As a caveat I have never been to l'Esguard, but I think there is a point that is being missed in this discussion. I'll use the example of WD-50's knot foie vs. their French onion soup. The first is a bad dish. Why? Not because it tastes bad but because it fails as an aesthetic statement. If the point of the dish is "I can turn foie gras into a knot" then it's technique for technique's sake. It's the equivalent of a violinist playing scales, not of one playing a sonata. Which, while impressive, is not great music. Worst of all, the knot foie dish destroys the flavour of the foie. Contrast this with the french onion soup. The techniques, creating the cheese 'raviolis' and the caramalized onion puree, are as deft as the ones used for the knot foie. However, they are used to enhance the flavor of the dish. It's as if Dufresne is challenging you to rethink what french onion soup is: is it the ingredients? the taste? the textures? can something that appears to be something else actually be french onion soup? The same concept works less successfully with the pizza amuse. The difference is that with the french onion soup dish, Dufresne preserves the defining element of food: It is the application of technique to ingredient to express falvour. Best of allm He is doing it in a novel, intelligent way.

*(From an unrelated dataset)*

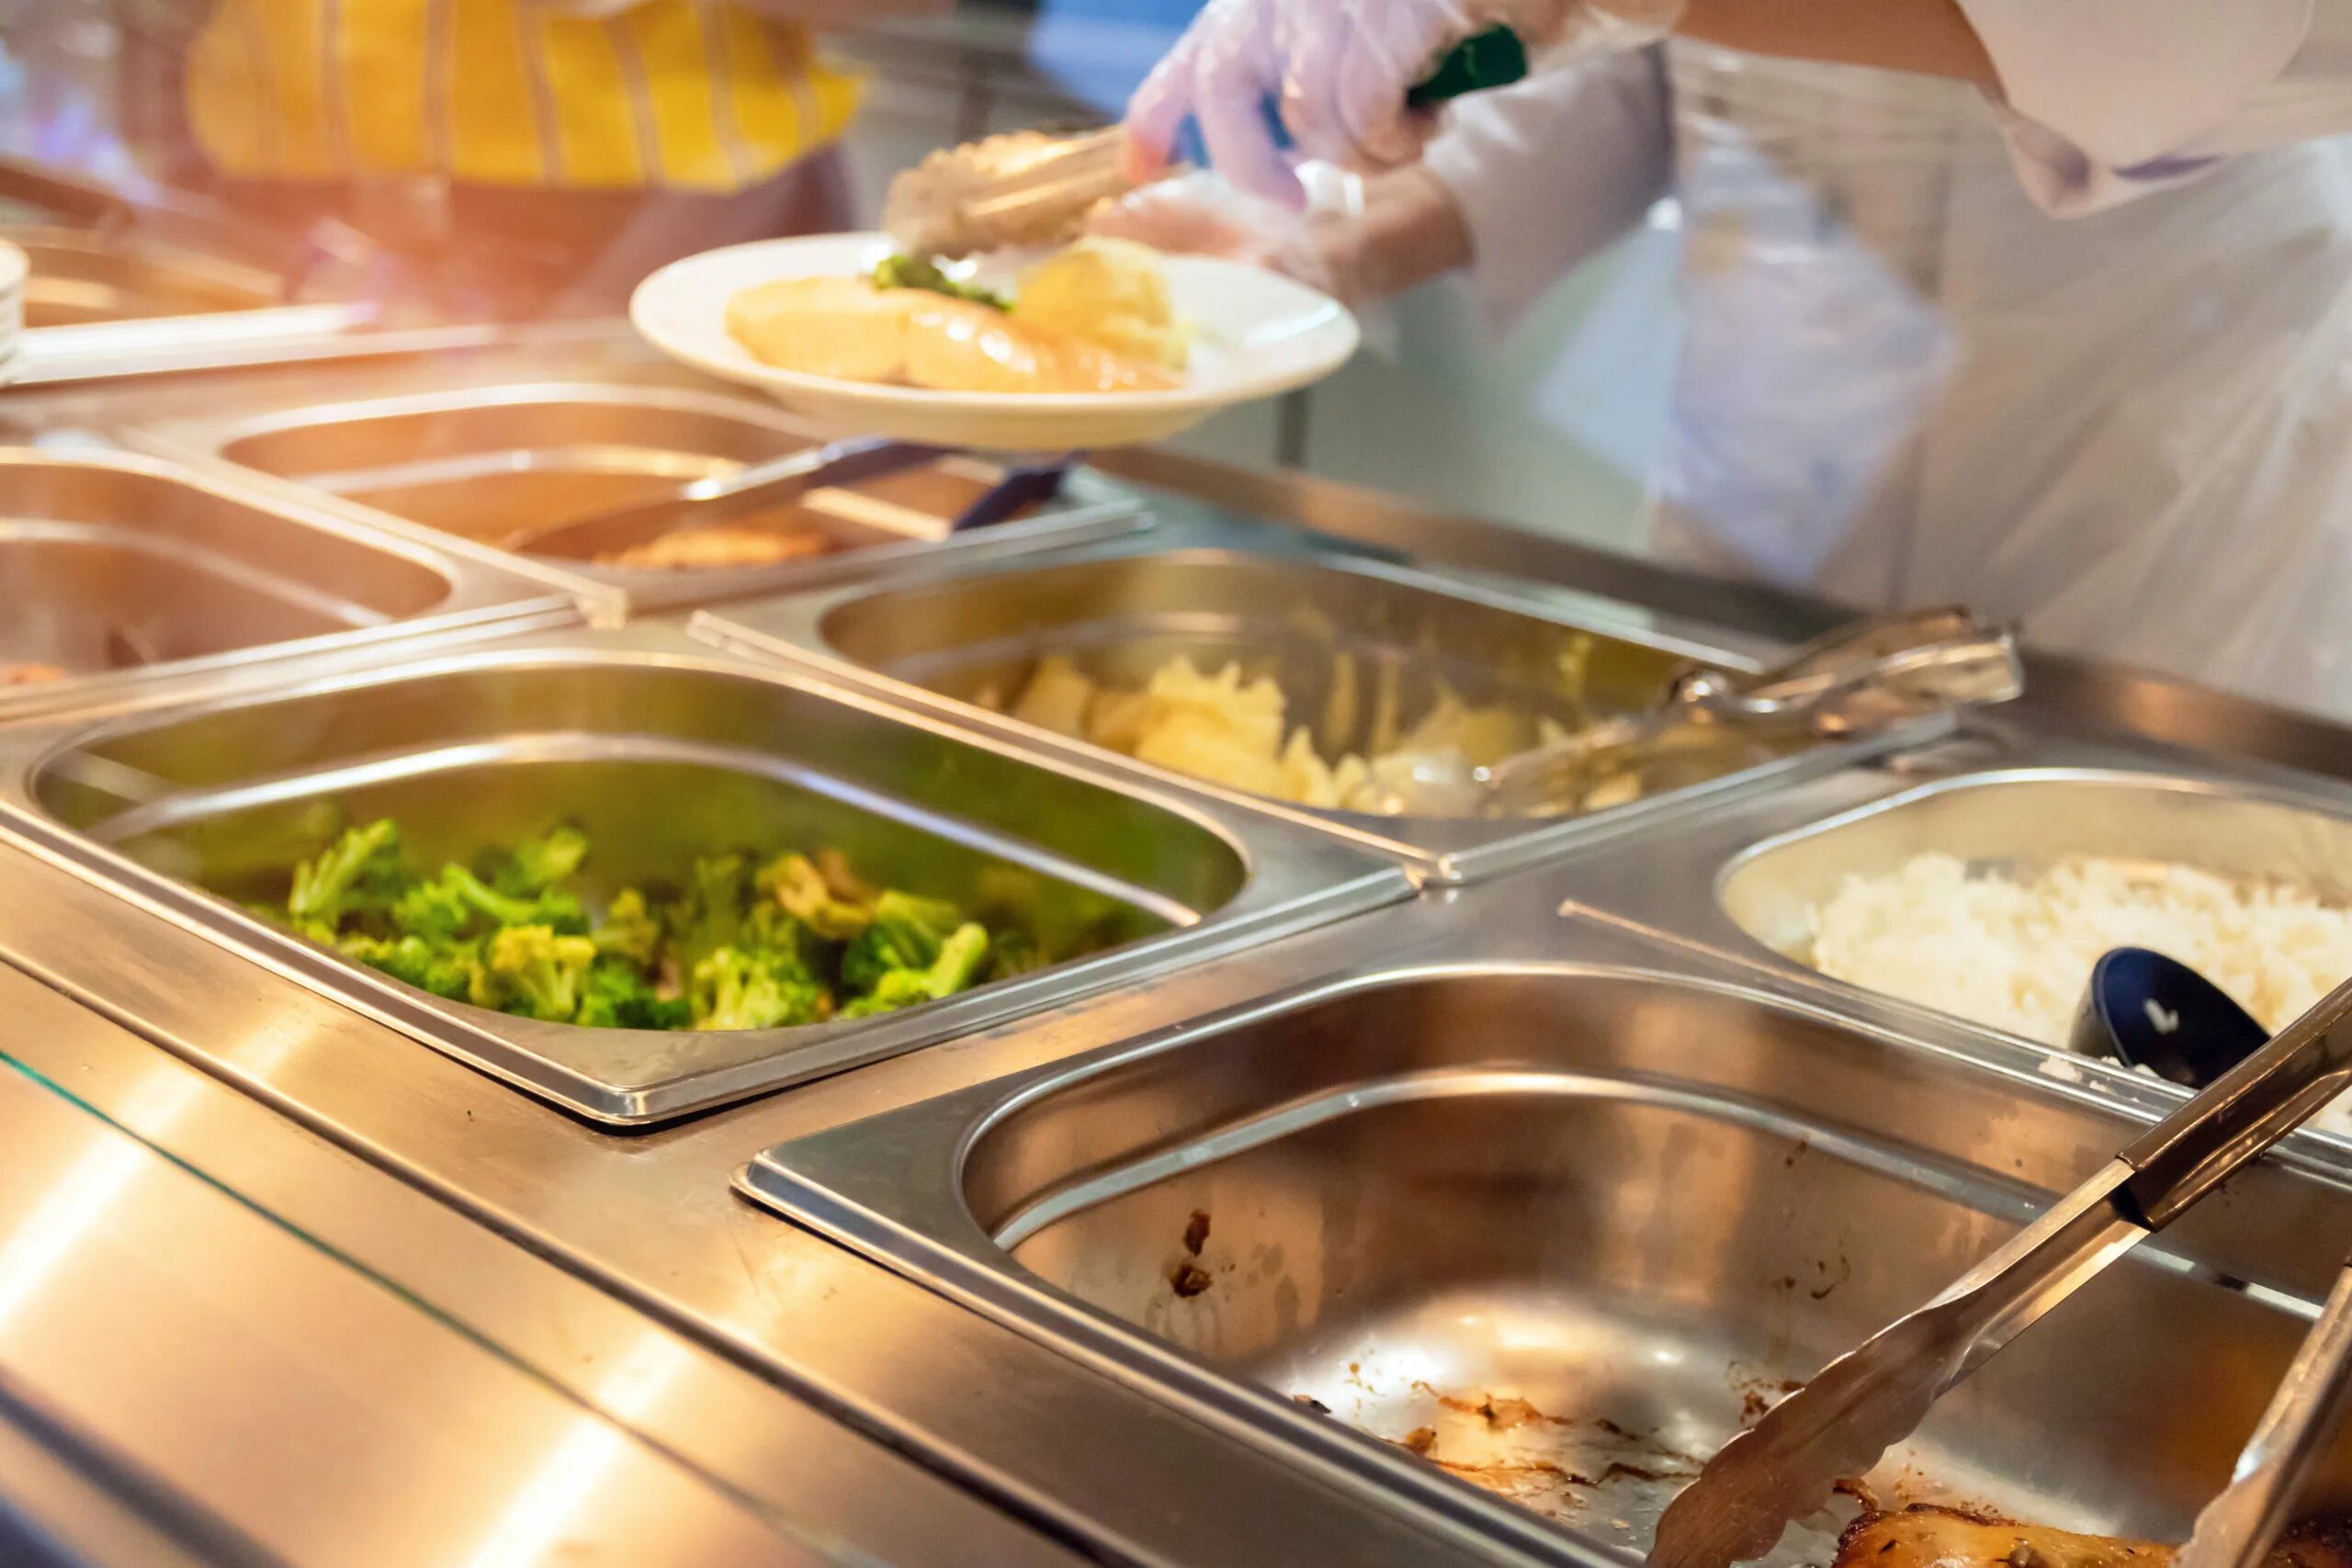 Блюда для школьного питания. Шведский стол в школьной столовой. Столовая еда в школе. Питание в школьной столовой. Еда в столовой в школе.

Now, I may not like french onion soup. But the role of the critic is not to tell us whether or not he likes french onion soup, it is to tell us if this idea is executed as well as it can be and if it is successful in what it purports to be. How close is this to an ideal french onion soup (a bit aristotilian, I know)? Or, is this a worthwhile vision of what a french onion soup can be? Even further, is, and why is, this still french onion soup? This is why Taillevent and WD-50 can be rated on the same scale: we are judging them based on how well they execute what they are trying to do and taste is a huge part of that.

To come back to the knot foie, the reason I think it's a bad dish is not because it doesn't taste good, it's because the statement it's trying to make is self-destructive; it's technique for technique's sake. It may be neat, but it's not great food. I can say that a dish at WD-50 that explores bitter flavours is successful in what it's trying to do even if I don't like bitter flavours because it is expressing those flavours how it intends to. I can go further and offer my opinion as to whether it works, but that is the subjective portion of the critique. But if the point of food is the expression of flavour (and presentation and other lesser things) through the application of technique to ingredients, I can't laud knot foie for the statement it makes. Because it doesn't make any sort of statement beyond "that's cool".